Let’s talk semantics. Do you know what I mean?

Over the last few years the talk about search engine optimisation has given way to hype about semantic search.


context matters

The challenge with semantics is always context. Any useful form of semantic search would have to consider the context of a given search request. At a minimum the following context variables are relevant: industry, organisation, product line, scientific discipline, project, and geography.
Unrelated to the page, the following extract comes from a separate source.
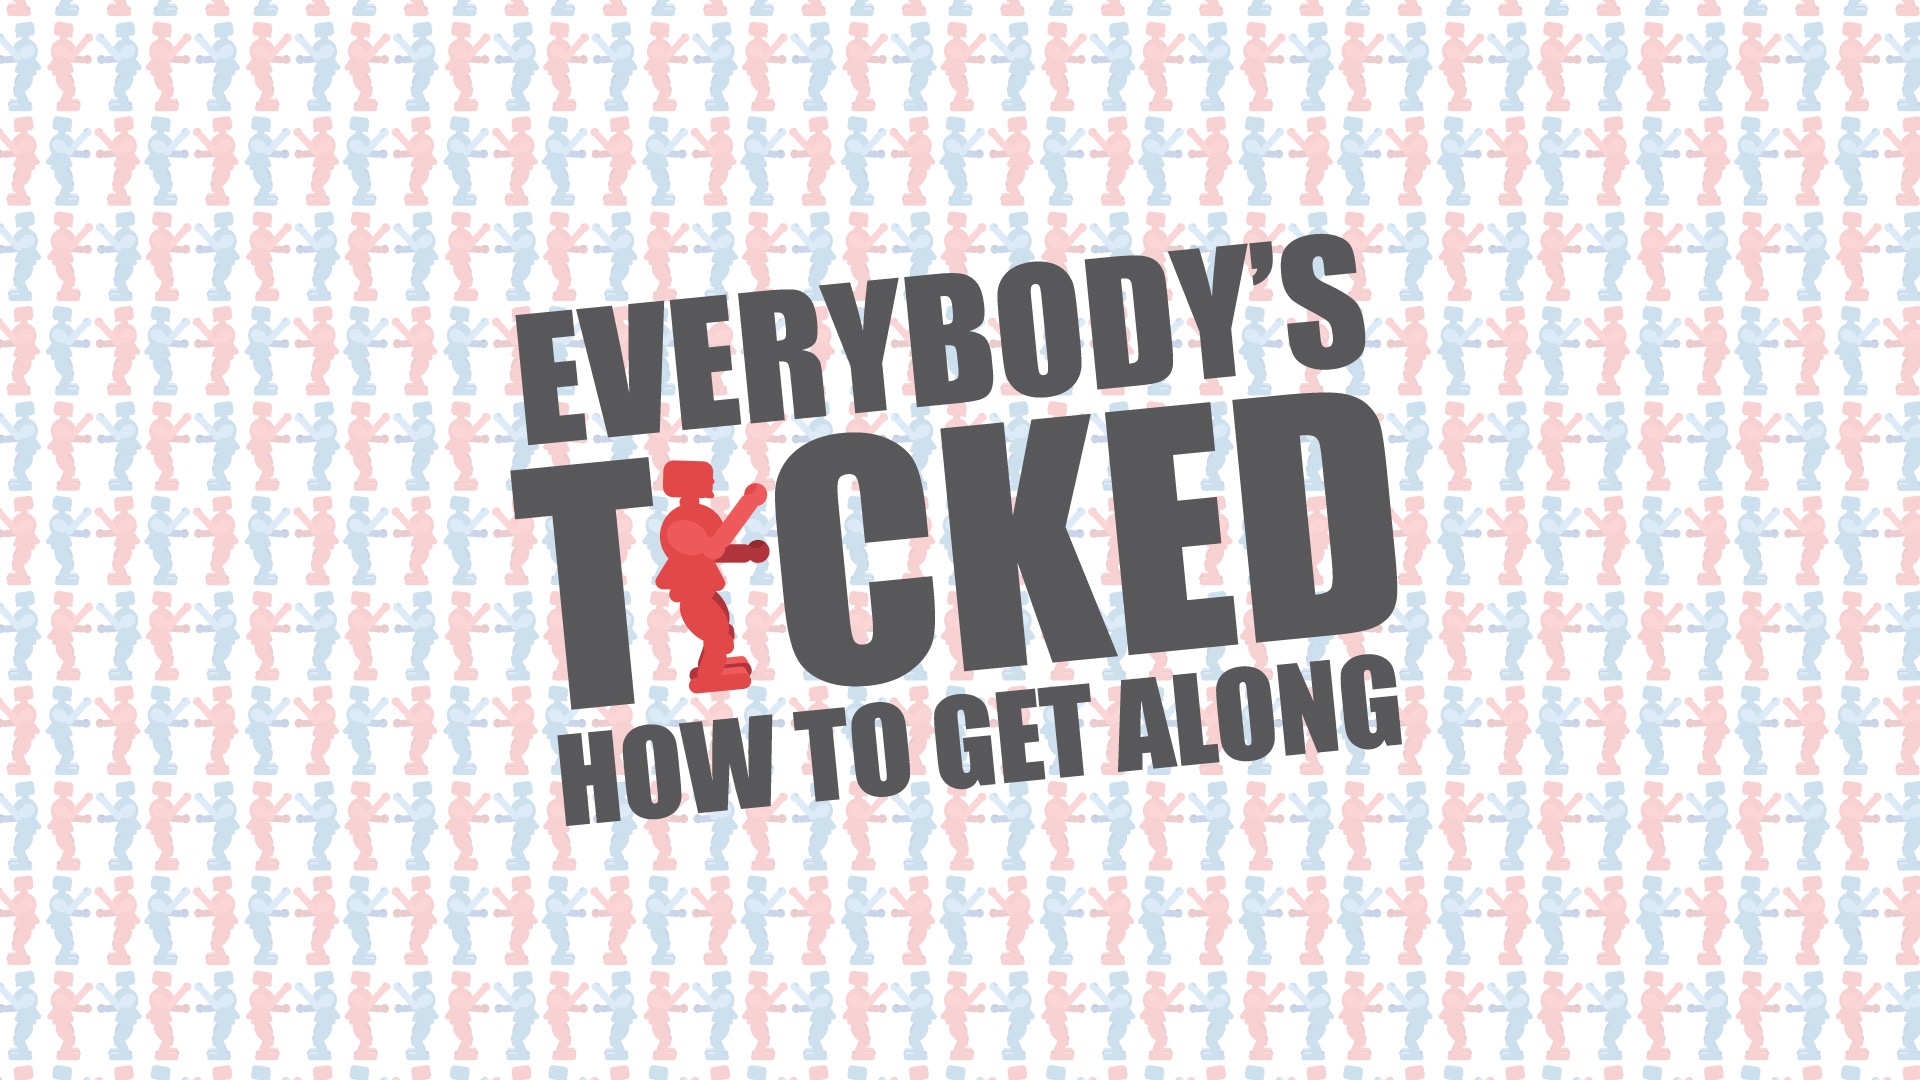 Everybody's Ticked: How To Get Along - Part III

When this context is known, a semantic search engine can realistically tackle the following use cases:

  1. Looking up the natural language names or idioms that are in use to refer to a specific concept
  2. Looking for domain knowledge; i.e. looking for all concepts that are related to a given concept
  3. Investigating how a word or idiom is used in other industries, organisations, products, research projects, geographies; i.e. investigating the variability of a concept across industries, organisations, products, research projects, and geographies
  4. Looking up all the instances where a concept is used in Web content
  5. Investigating how established a specific word or idiom is in the scientific community, to distinguish between established terminology and fashionable marketing jargon
  6. Looking up the formal names that are used in database definitions, program code, and database content to refer to a specific concept
  7. Looking up all the instances where a concept is used in database definitions, program code, and database content

These use cases relate to the day-to-day work of many knowledge workers. The following presentation illustrates the challenges of semantic search and it contains examples that illustrate how semantic search based on concepts differs from search based on words.

semantic search

Do you know what I mean?

The current semantic Web is largely blind to the context parameters of industry, organisation, product line, scientific discipline, and project. Google, Microsoft, and other developers of search engines consider a fixed set of filter categories such as geography, time of publication, application, etc. and apply a more or less secret sauce to deduce further context from a user’s preferences and browsing history. This approach is fundamentally flawed:

  • Each search engine relies on an idiosyncratic interpretation of user preferences and browsing history to deduce the values of further context variables, and the user is only given limited tools for influencing the interpretation, for example via articulating “likes” and “dislikes”
  • Search engines rely on idiosyncratic algorithms for translating filters, and “likes” and “dislikes” into search engine semantics
  • Search engines are unaware of the specific intent of the user at a given point in time, and without more dynamic and explicit mechanisms for a user to articulate intent, relying on a small set of filter categories, user’s preferences, and browsing history is a poor choice

The weak foundations of the “semantic Web”, which evolved from a keynote from Tim Berners-Lee in 1994, compound the problem:

“Adding semantics to the Web involves two things: allowing documents which have information in machine readable forms, and allowing links to be created with relationship values.”

Subsequently developed W3C standards are the result of the design by committee with the best intentions.

All organisations that have high hopes for turning big data into gold should pause for a moment, and consider the full implication of “garbage in, garbage out” in their particular context. Ambiguous data is not the only problem. Preconceived notions about semantics are another big problem. Implicit assumptions are easily baked into analytical problem statements, thereby confining the space of potential “insights” gained from data analysis to conclusions that are consistent with preconceived interpretations of so-called metadata.

The root cause of the limitations of state-of-the-art semantic search lies in the following implicit assumptions:

  • Text / natural language is the best mechanism for users to articulate intent, i.e. a reliance on words rather than concepts
  • The best mechanism to determine context is via a limited set of filter categories, user preferences, and via browsing history
words vs concepts

words vs concepts

Semantic search will only improve if and when Web browsers rely on explicit user guidance to translate words into concepts before executing a search request. Furthermore, to reduce search complexity, a formal notion of semantic equivalence is essential.

semantic equivalence

semantic equivalence

Lastly, the mapping between labels and semantics depends significantly on linguistic scope. For example the meaning of solution architecture in organisation A is typically different from the meaning of solution architecture in organisation B.

linguistic scope

linguistic scope

If the glacial speed of innovation in mainstream programming languages and tools is any indication, the main use case of semantic search is going to remain:

User looks for a product with features x, y, and z

The other use cases mentioned above may have to wait for another 10 years.

Death by Standardisation

Standardisation is a double-edged sword. Compliance with standards is best restricted to those standards that really make a difference in a specific context.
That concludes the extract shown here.